Exercise brief: Without the pictures, output all of the data exactly.

Supplied data:
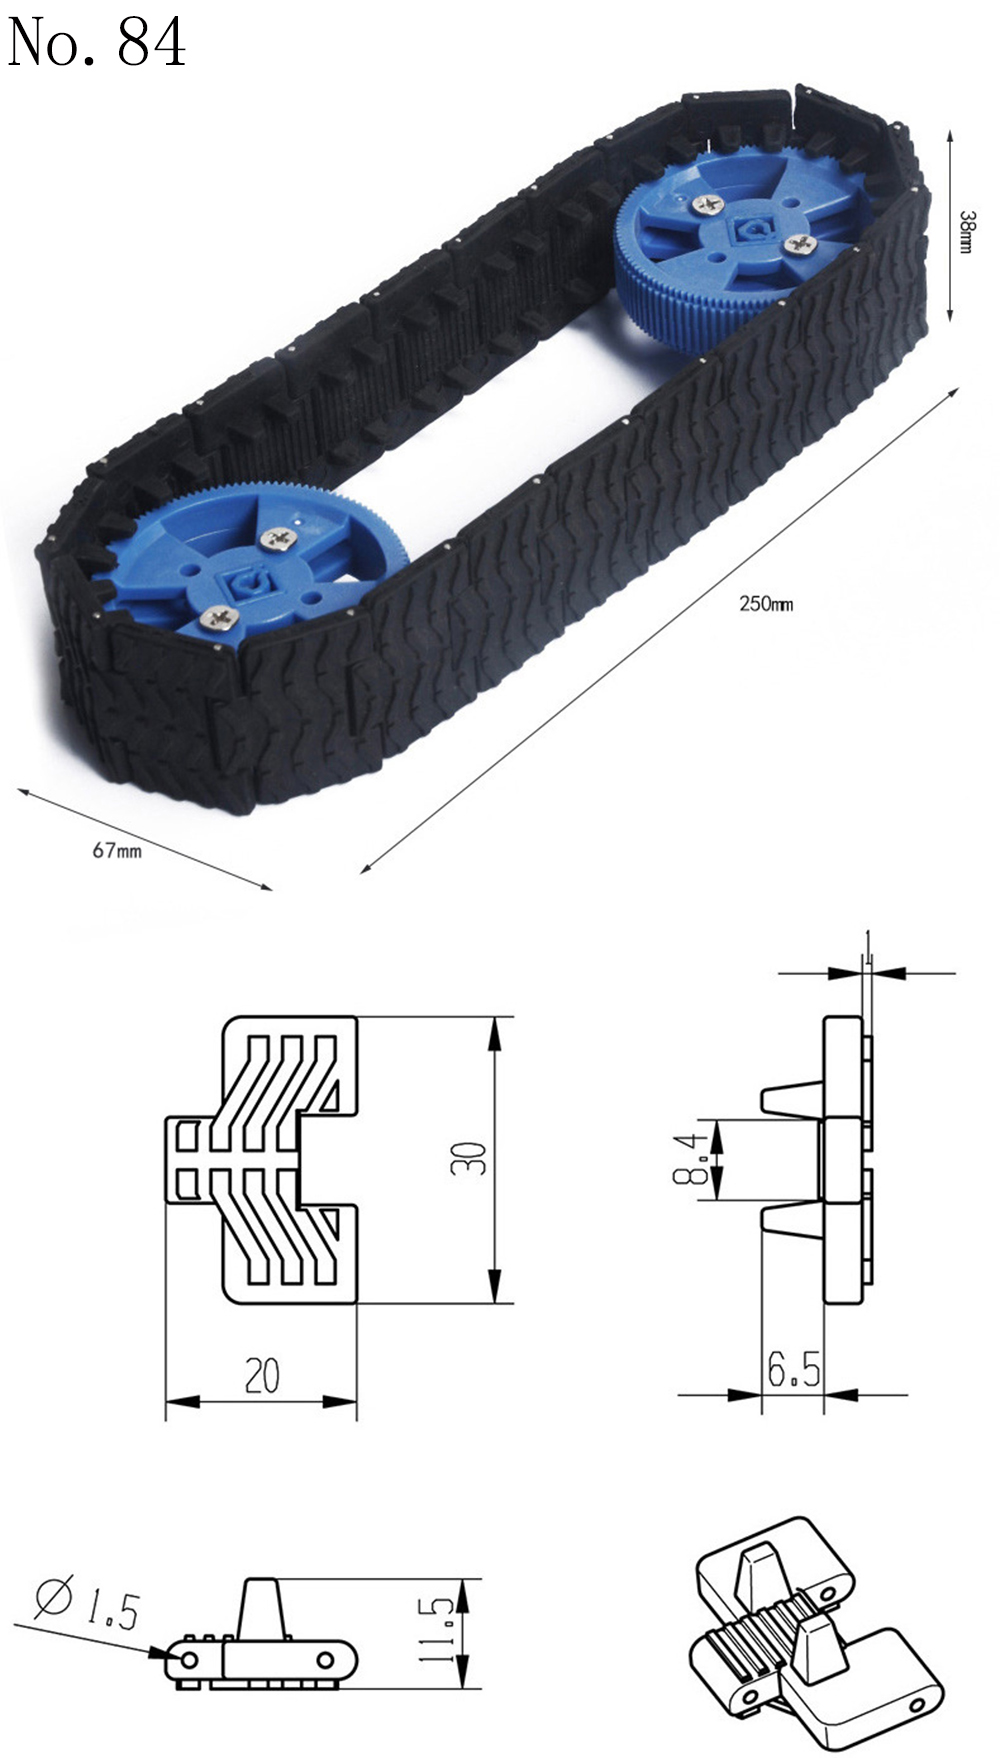 DIY-Plastic-RC-Tank-Crawler-Belt-Track-RC-Robot-Part-1390392-6
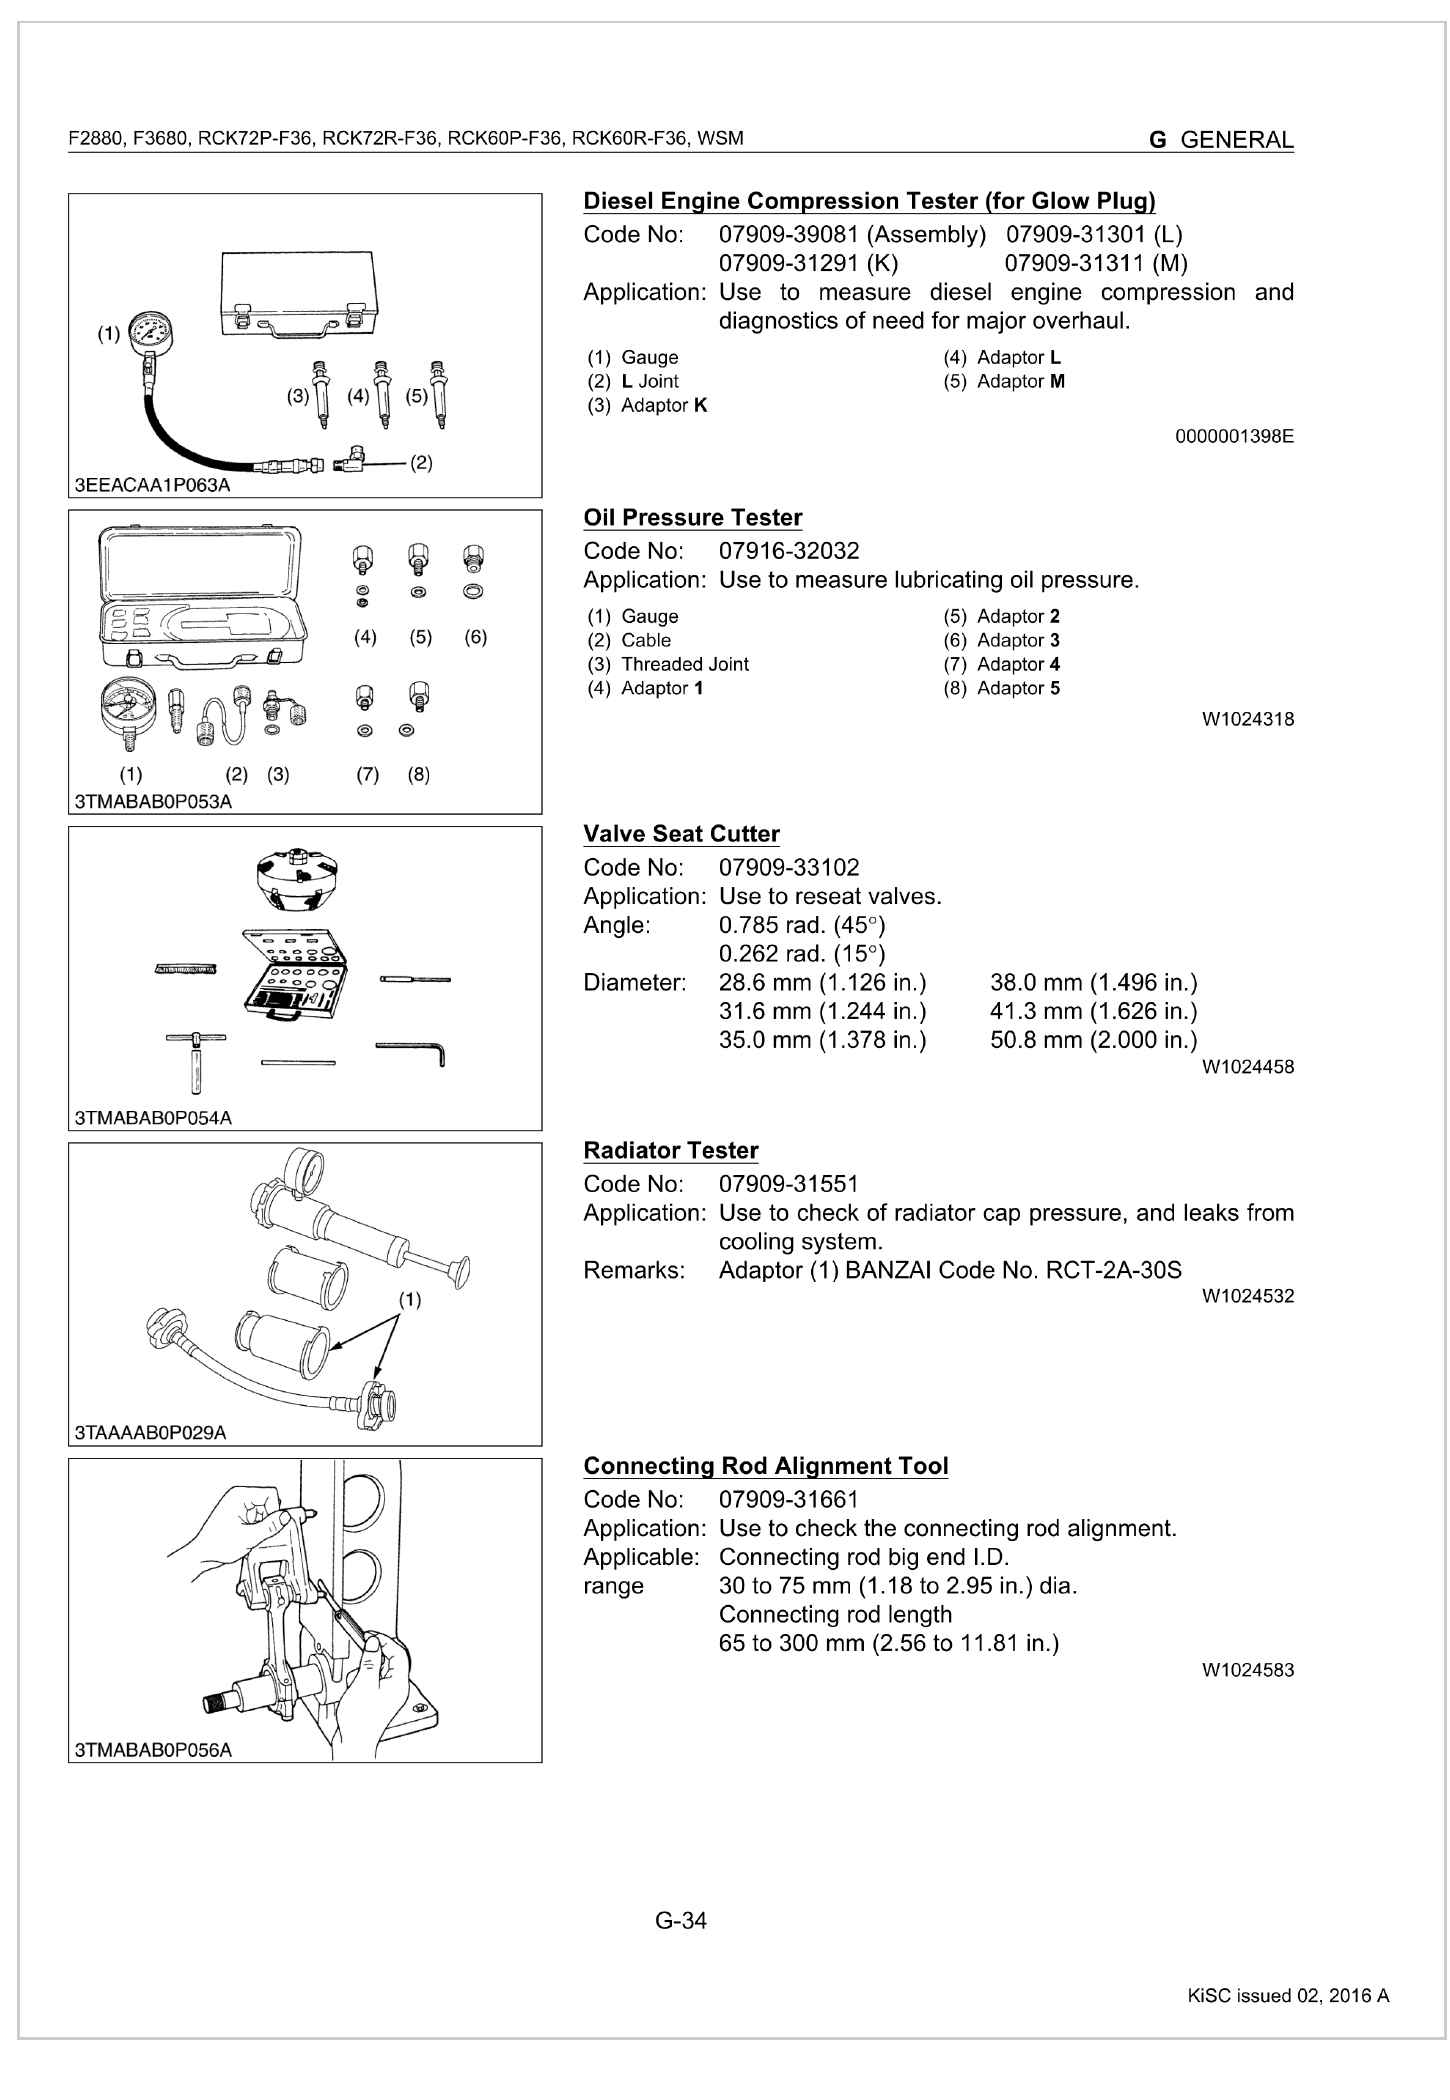 Kubota Rotary Mower RCK72R-F36 Workshop Manual 2016 | Auto Repair ...
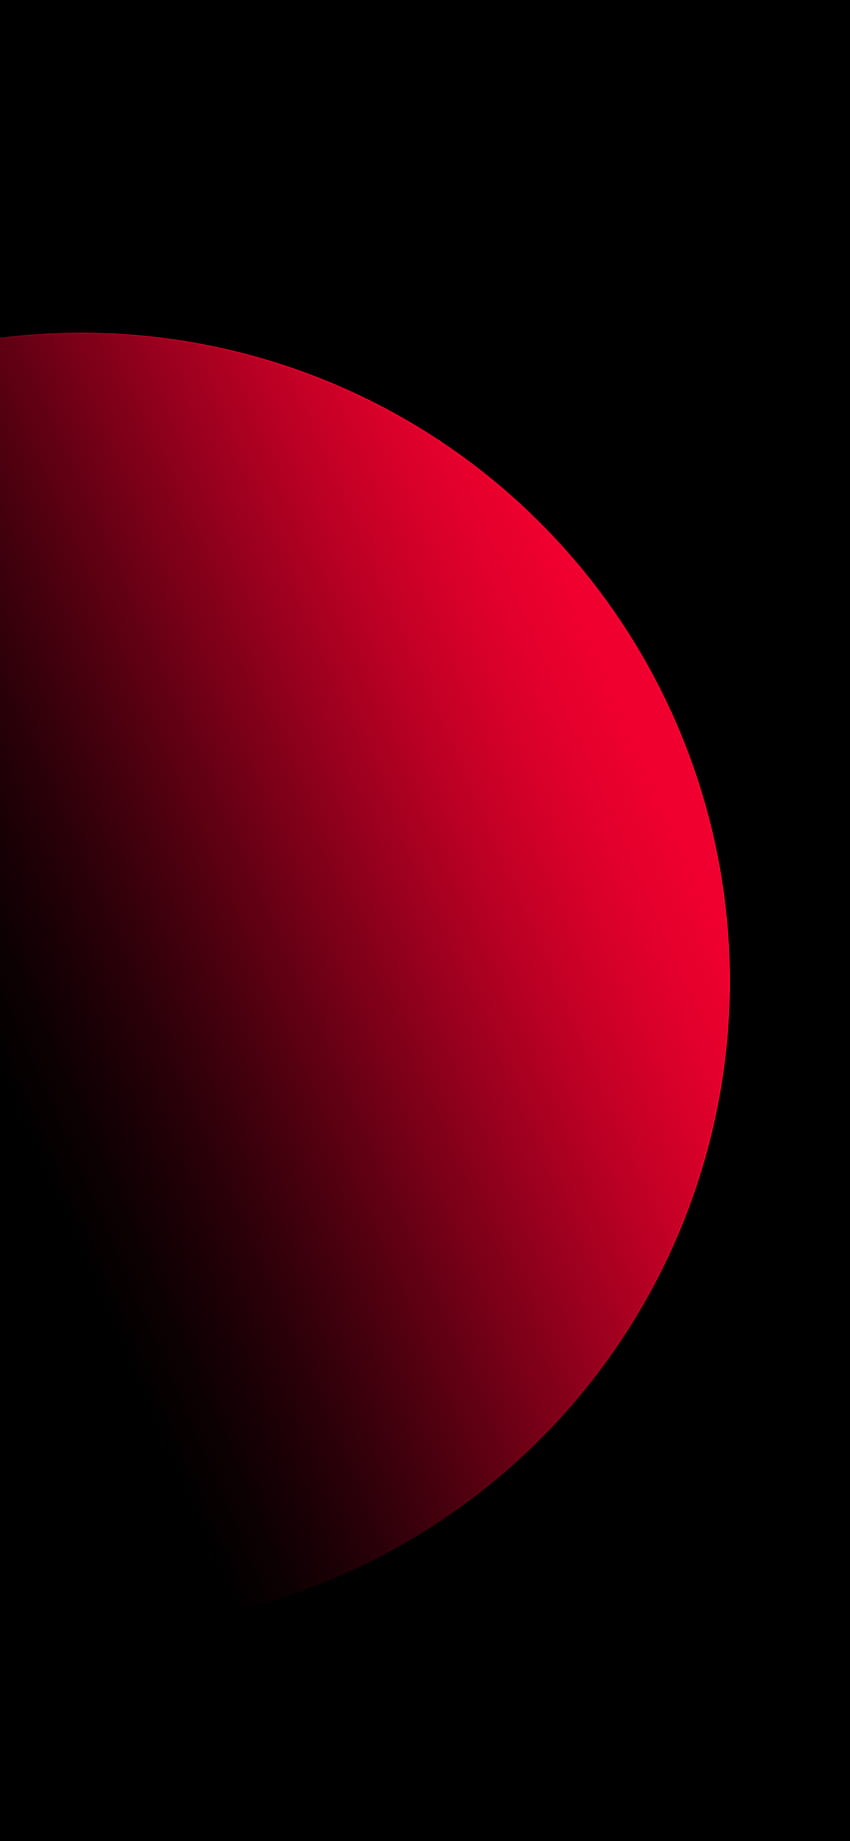 Merah, hitam, minimalis, bulat, imajinasi, wahyu, tenang, berpikir, bijaksana, visualisasi,. Абстрактное, Обои для iphone, Обои для PHONE wallpaper ponsel HD

Solved problem:
 DIY-Plastic-RC-Tank-Crawler-Belt-Track-RC-Robot-Part-1390392-6
 Kubota Rotary Mower RCK72R-F36 Workshop Manual 2016 | Auto Repair ...
 Merah, hitam, minimalis, bulat, imajinasi, wahyu, tenang, berpikir, bijaksana, visualisasi,. Абстрактное, Обои для iphone, Обои для PHONE wallpaper ponsel HD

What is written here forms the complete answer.